Growing up in a home with domestic violence “changes your cognitive belief system,” Ostapowich said. “It is pernicious to children.”

Whether in our congregations or in our communities at-large, “this is not something that’s happening to a few people,” Wendorf noted. “The statistics are overwhelming. To know that when I’m sitting in worship on a weekend that there are people there with me as part of the body of Christ who have suffered unbelievable damage because of domestic violence and/or child abuse — to know that they need that Word of grace and the unfailing love and hope they can find in Christ, the better prepared I am to share the hope I have in me, because of what Jesus has done for me.”
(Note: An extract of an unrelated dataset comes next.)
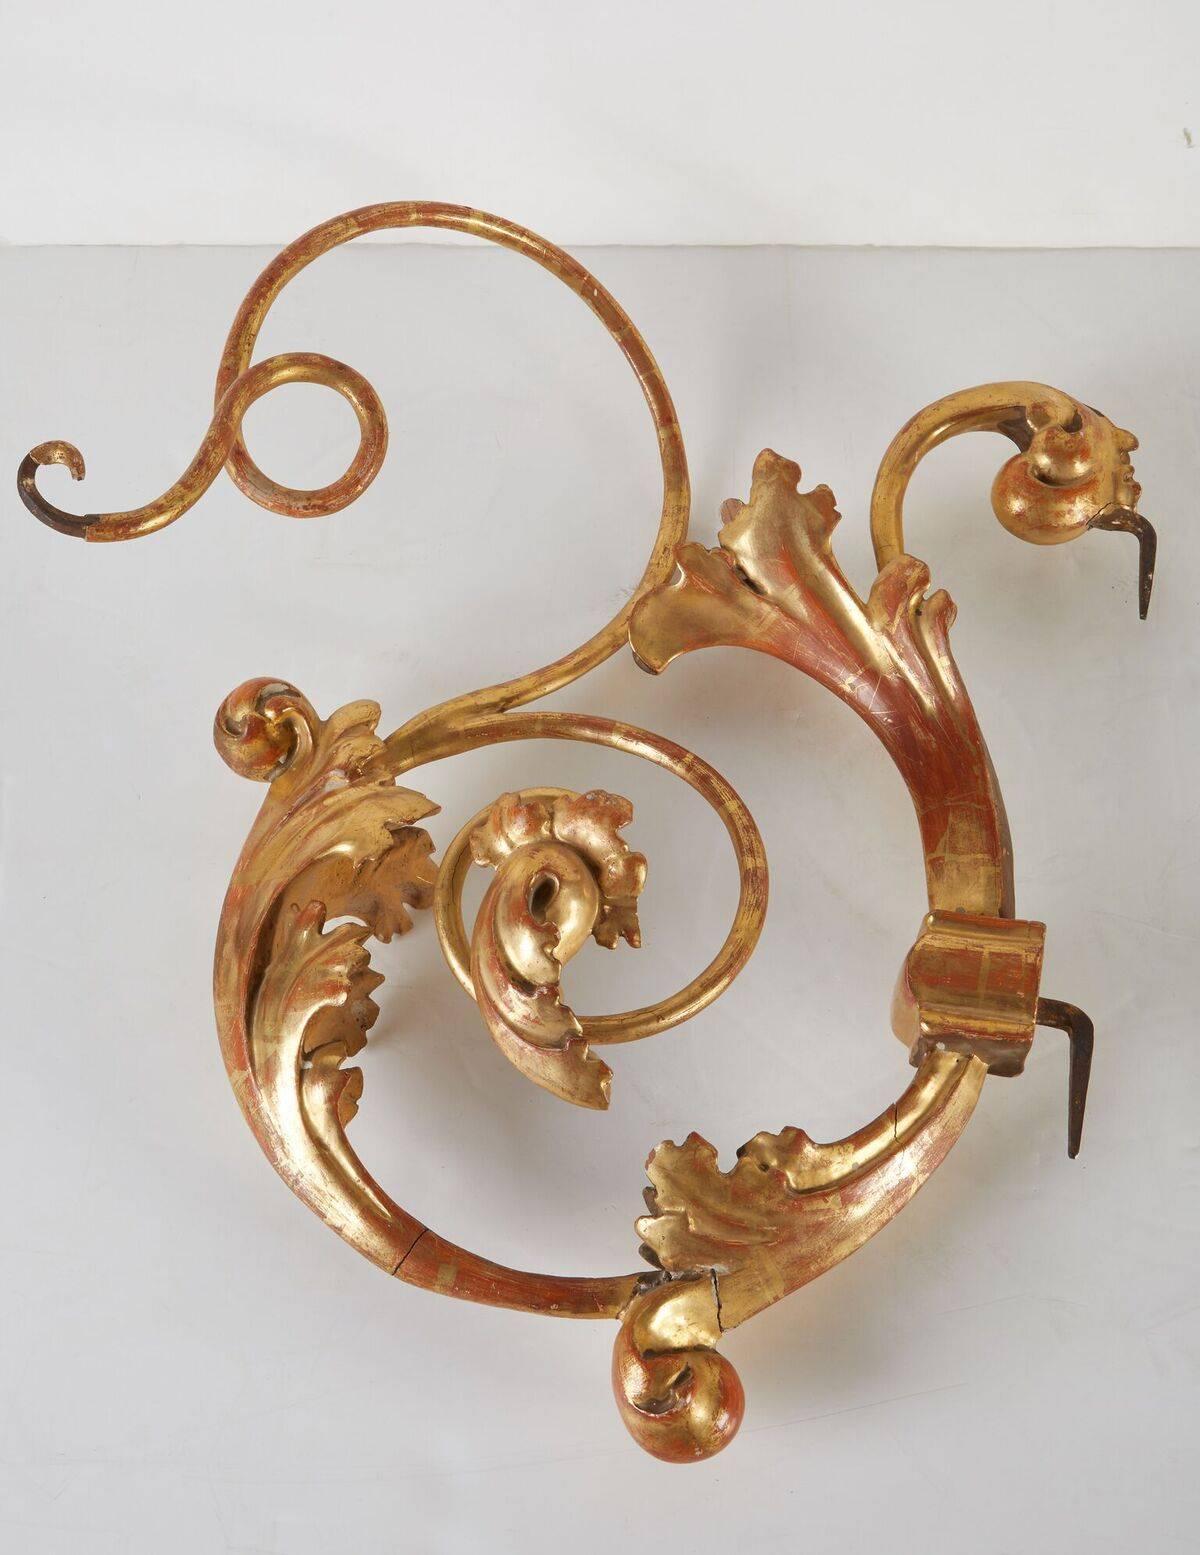 Paire de consoles à volutes en métal et en bois, très recherchées, de fabrication italienne, datant d'environ 1785. Tous deux gessoïsés, et dorés à l'or fin 22 carats. La paire est ornée de sculptures de feuilles d'acanthe et se termine par des

The task-force training scheduled for May 27-28 at Concordia University Wisconsin will be helpful for parish nurses, Hardecopf said, because, often, they are among the first to become aware of abuse issues.

“As parish nurses, we have a lot of contact with people, whether it’s through blood-pressure screening, and we pull up their sleeve, and they have bruises, or we just see them in another setting, and we have a trust relationship with them. The big thing we do is refer out and make sure they have the support they need — spiritual support through the pastor and professional support through appropriate counseling.”

The opportunity to serve on this task force has confirmed for her the duty the Church has to its suffering members, and especially in the case of child abuse, those members without a voice, Schave said.

“The potential for them to walk away from the faith is too great should we provide unhelpful counsel or ignore the issue altogether,” she said.

The task force is scheduled to meet again in April via conference call.